*Collected data*.
· · · · · · ·

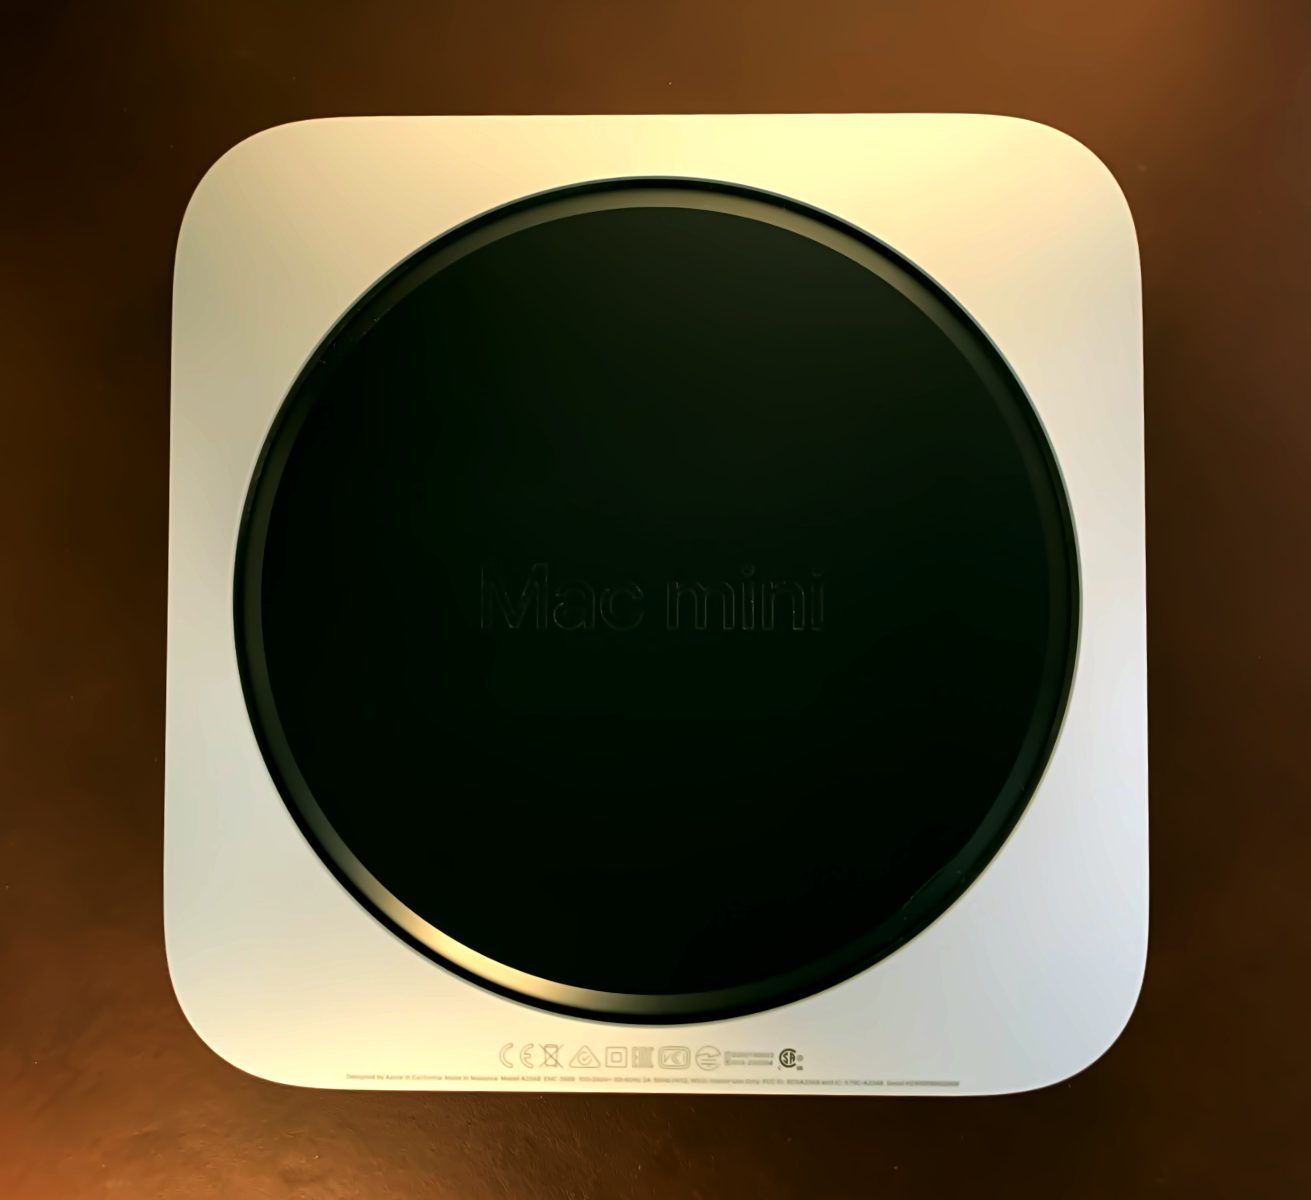 Mac Mini M1 Underside With Logo Visible
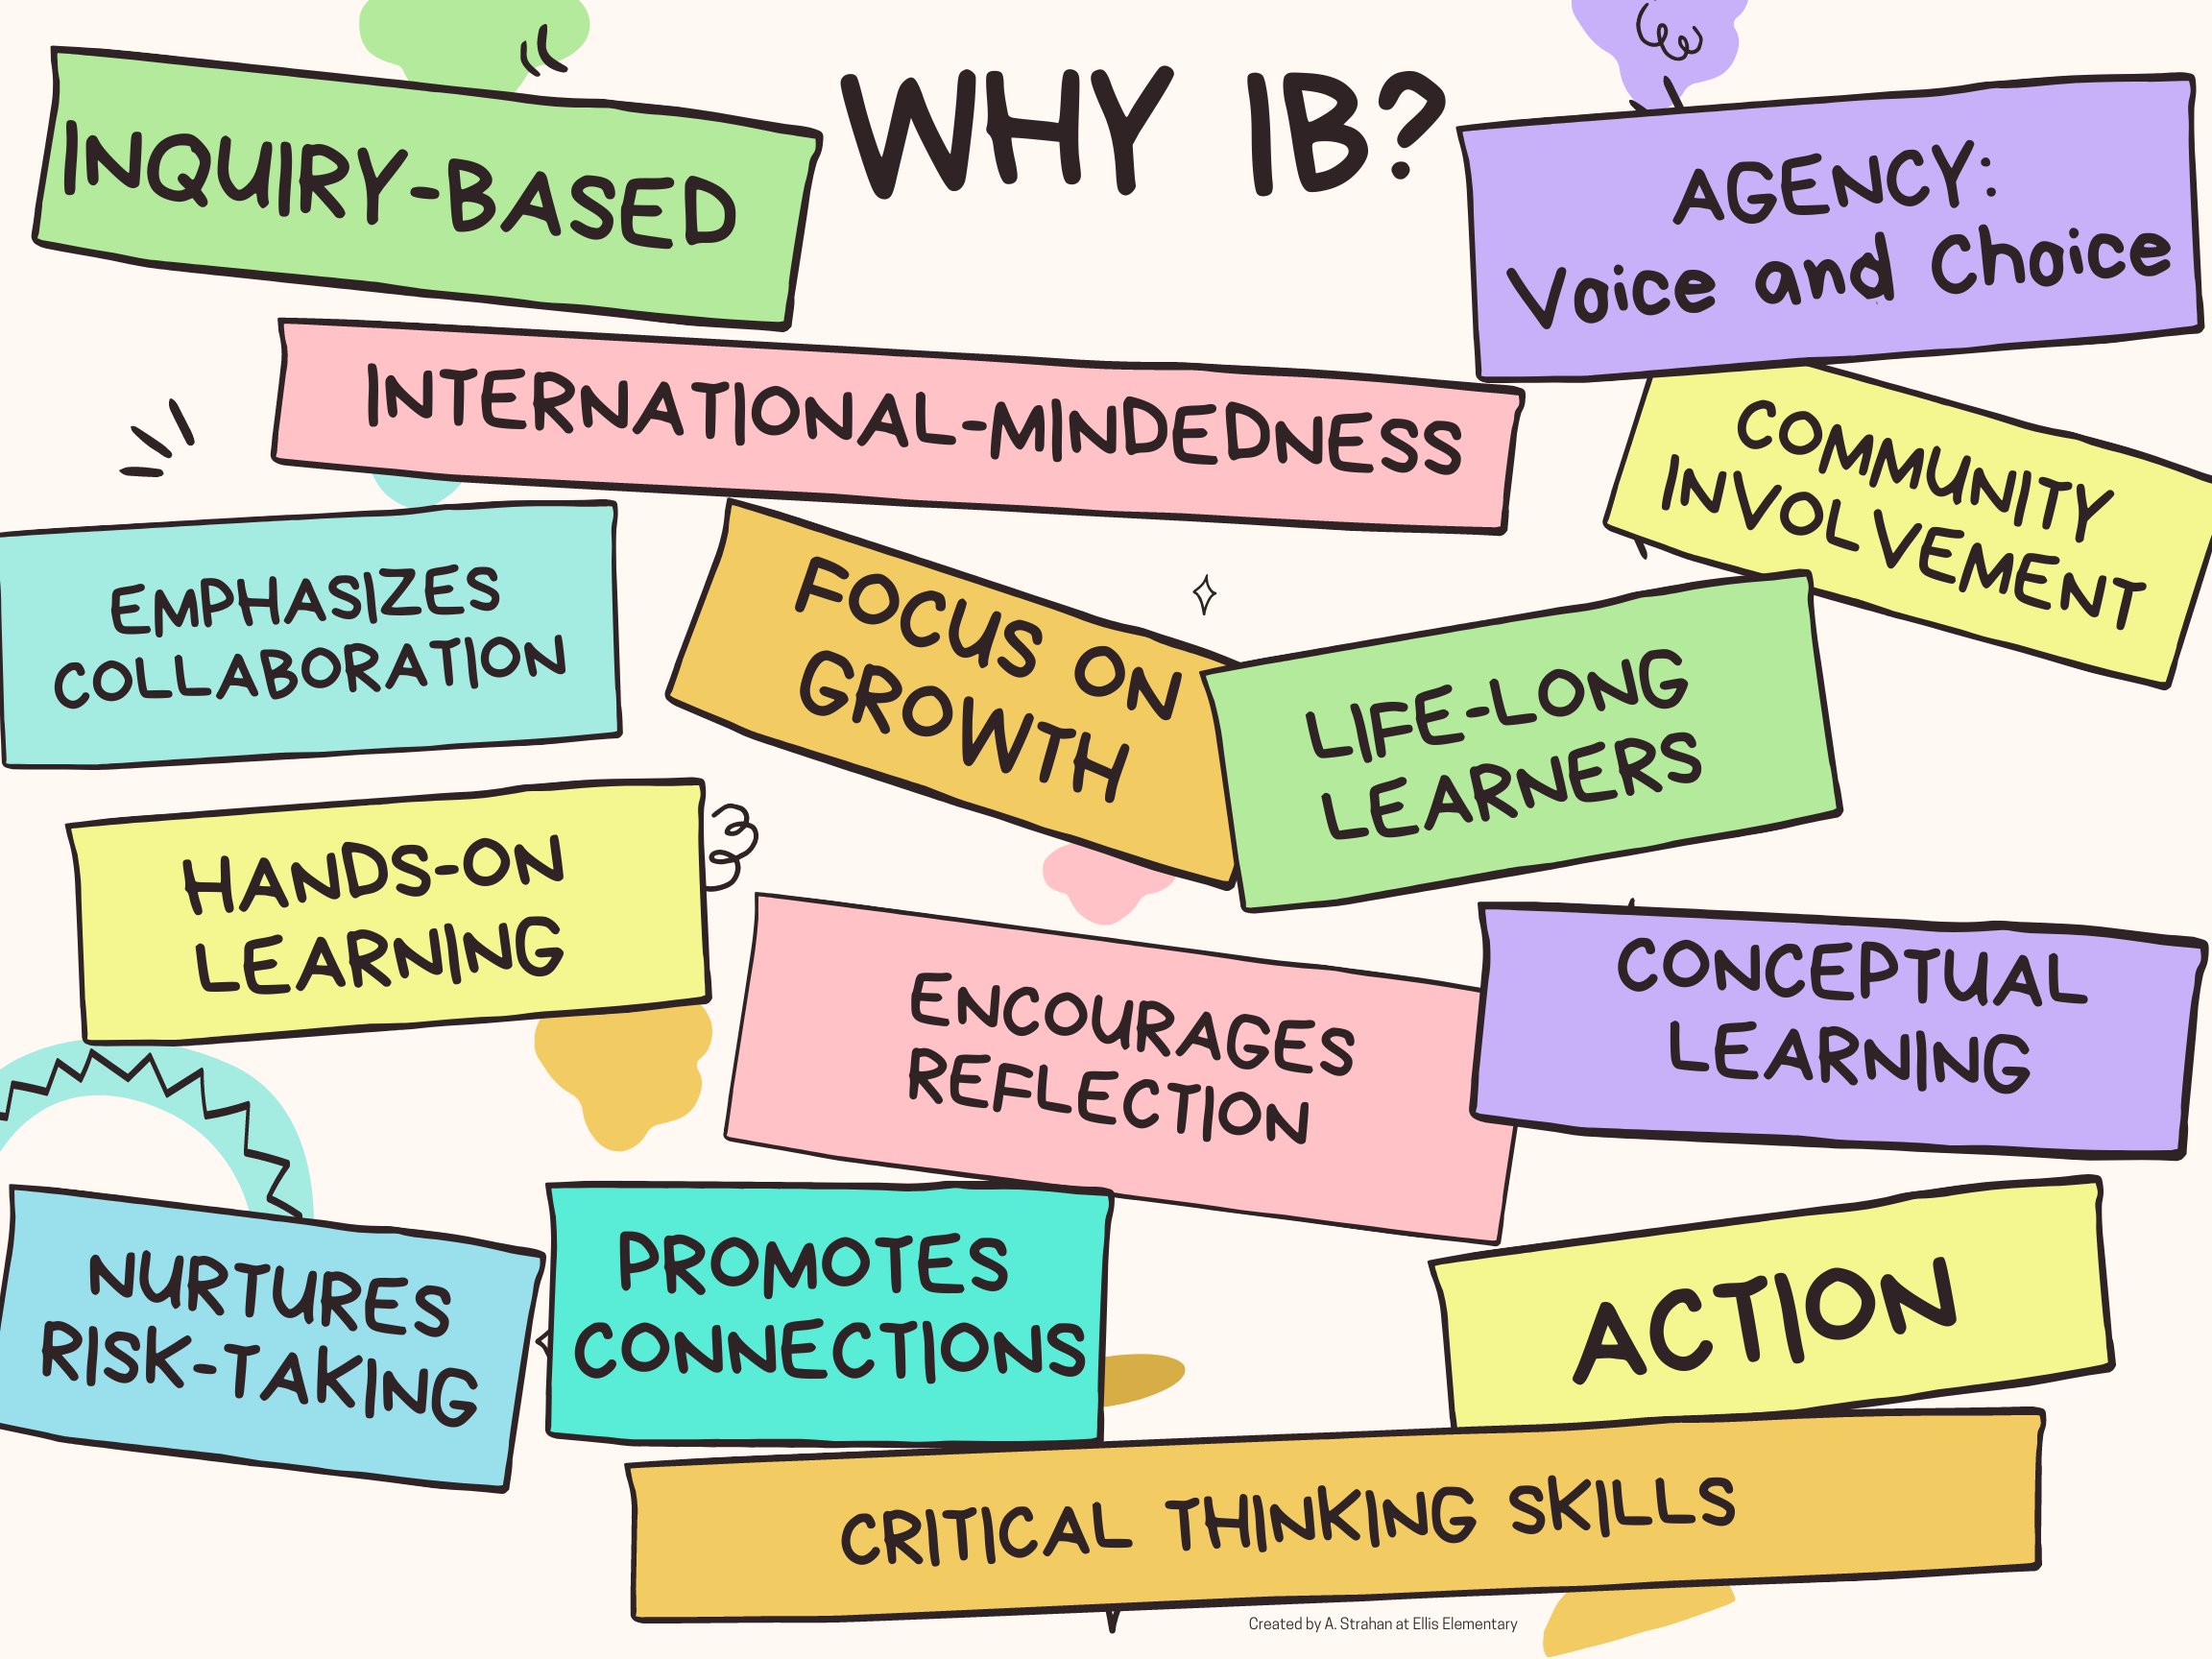 Image of words Inquiry-based International Mindedness, emphasize collaboration, hands-on learning,  nurtures risk taking, critical thinking skills, lifelong learners, Agency: voice and choice, encourages reflection, promotes connections, action, community involvement
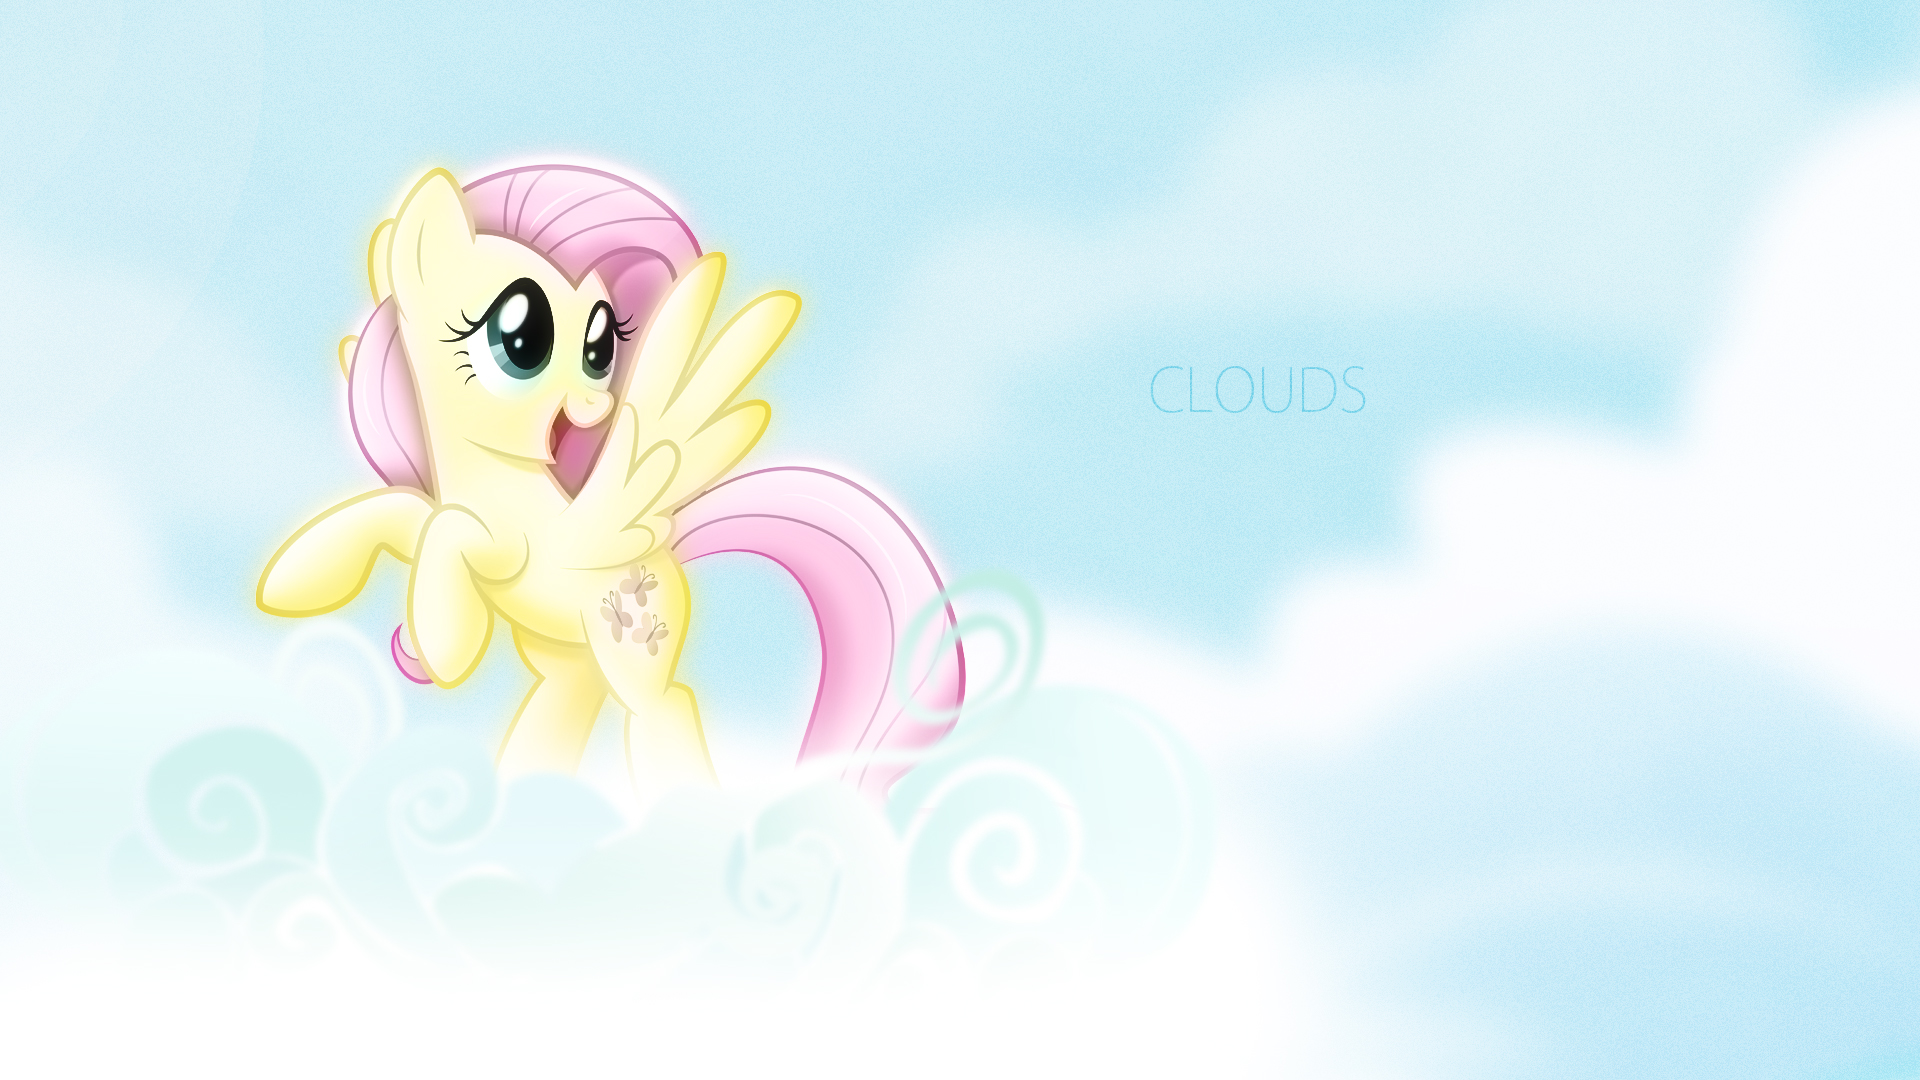 Clouds by brandyfriend5432 and Karl97

· · · · · · ·

*Your goal*.
Transcribe the whole listing above exactly and leave out the pictures.

*Answer section*.
 Mac Mini M1 Underside With Logo Visible
 Image of words Inquiry-based International Mindedness, emphasize collaboration, hands-on learning,  nurtures risk taking, critical thinking skills, lifelong learners, Agency: voice and choice, encourages reflection, promotes connections, action, community involvement
 Clouds by brandyfriend5432 and Karl97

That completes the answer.